The library provides a program to warmup the cache for the target devices and source kernels. It can be useful to:
- Check if your kernel compiles with the given compilation flags (options)
- Distribute precompiled kernels with you program
- Speed up the boot time of your application, avoiding compile the kernels on demand
You can run the warmup command typing:
cargo run --bin=warmup -- -s=<path_to_source>
This will compile the OpenCL code found on the target path for the first platform found and all the associated devices.
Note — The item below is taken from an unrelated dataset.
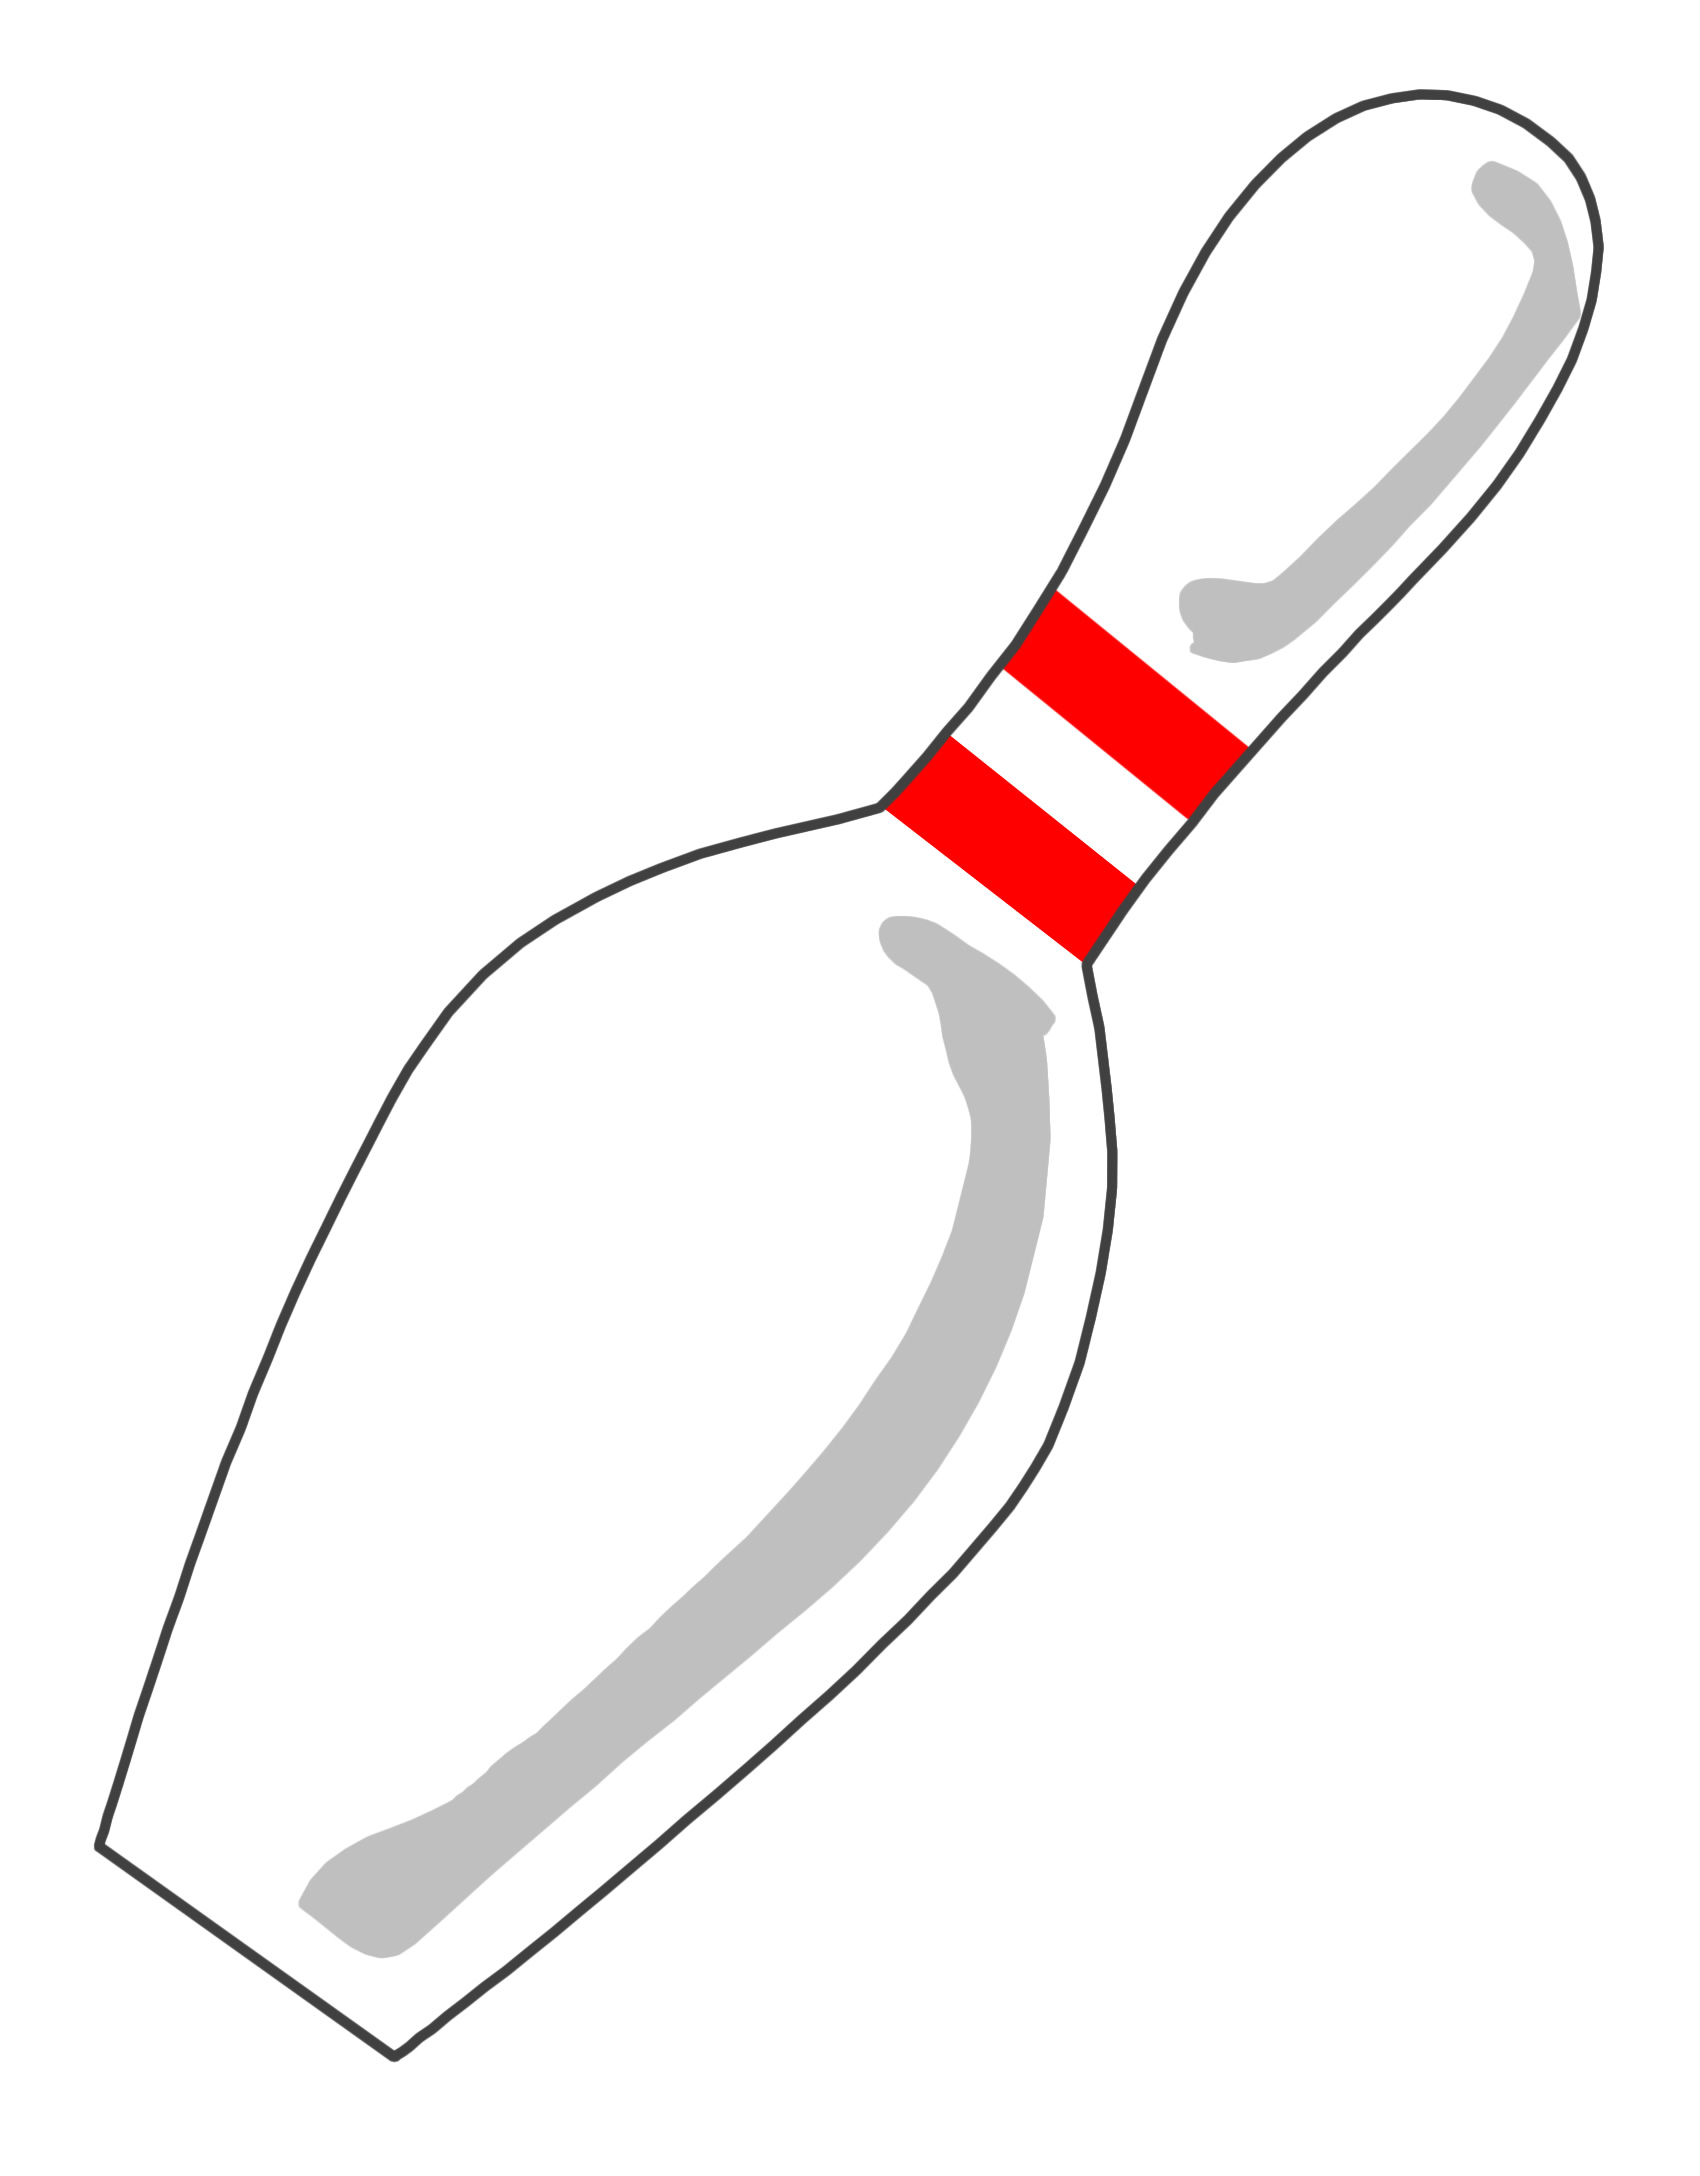 Bowling Pin Outline - Cliparts.co

There are several options to select the platform, the devices, the output directory or if it should work recursively. You can check all the options by typing:
cargo run --bin=warmup -- --help
As there are a lot of parameters that can receive the warmup command, we can define all the kernels to compile on a YAML file to make the interaction with the warmup command simpler.
You can run it typing:
cargo run --bin=warmup -- -y=<path_to_yaml>
Each YAML will describe a set of jobs to be executed. The simpler YAML file you can type is the next:
jobs:
- <job_name>:
source: <path_to_source>
- <another_group_of_kernels>:
source: <path_to_another_source>
There are several parameters that can be set to each group of jobs to allow forward the same parameters that we can set from the command line:
- platform_index: It will select the platform with this index.
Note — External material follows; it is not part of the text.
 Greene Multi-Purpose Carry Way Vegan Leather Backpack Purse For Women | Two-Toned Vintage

- platform_regex: It will select the first platform that matches the given regular expression
- device_index: It will select the device with this index given by the platform
- device_regex: It will select the devices that matches with the given regular expression.
- device_type: It will select the devices by device type. Allowed types are: cpu, gpu, all
- output: Output directory where the binaries will be saved
- options: Compilation flags that will be forwarded to
clBuildProgram
- recursive: If true, it will scan the source path recursively.
- extension: It will scan only the files with the given extension (by default, cl)
- verbose: It sets the level of verbosity of the command, for the given job.
- tag: Save the kernel source with the give tag. Only valid if source is a file.
- force_rebuild: It will force the kernel recompilation and will replace the previous content.
You can find a full example of the library usage with Rust on src/bin/demo1.rs You can find a full simple example of the library usage with C on extern/example/simple.c You can find a full example using tags with C on extern/example/tagged.c
There are several things that can be done to improve the current implementation:
- Add more cache backends
- Implement a
get_from_path
method, that will use the last modification timestamp to decide if the entry of the cache is valid or not - Add tests to the Rust library
- Add tests to the C API
- Split the project on several repositories: ** Current library ** C API bindings ** Generic cache backend ** High-level Rust OpenCL bindings (or work on rust-opencl)
- Decrease the amount of dependencies
- Build with Rust stable
- Return errors trough the C API
- Test the thread-safeness of the C API
This library could not be developed without the previous work of rust-opencl. A part of the "raw" bindings, the high-level bindings that resides on this library are almost the same as the ones on that repository, but adapted to the needs of this project.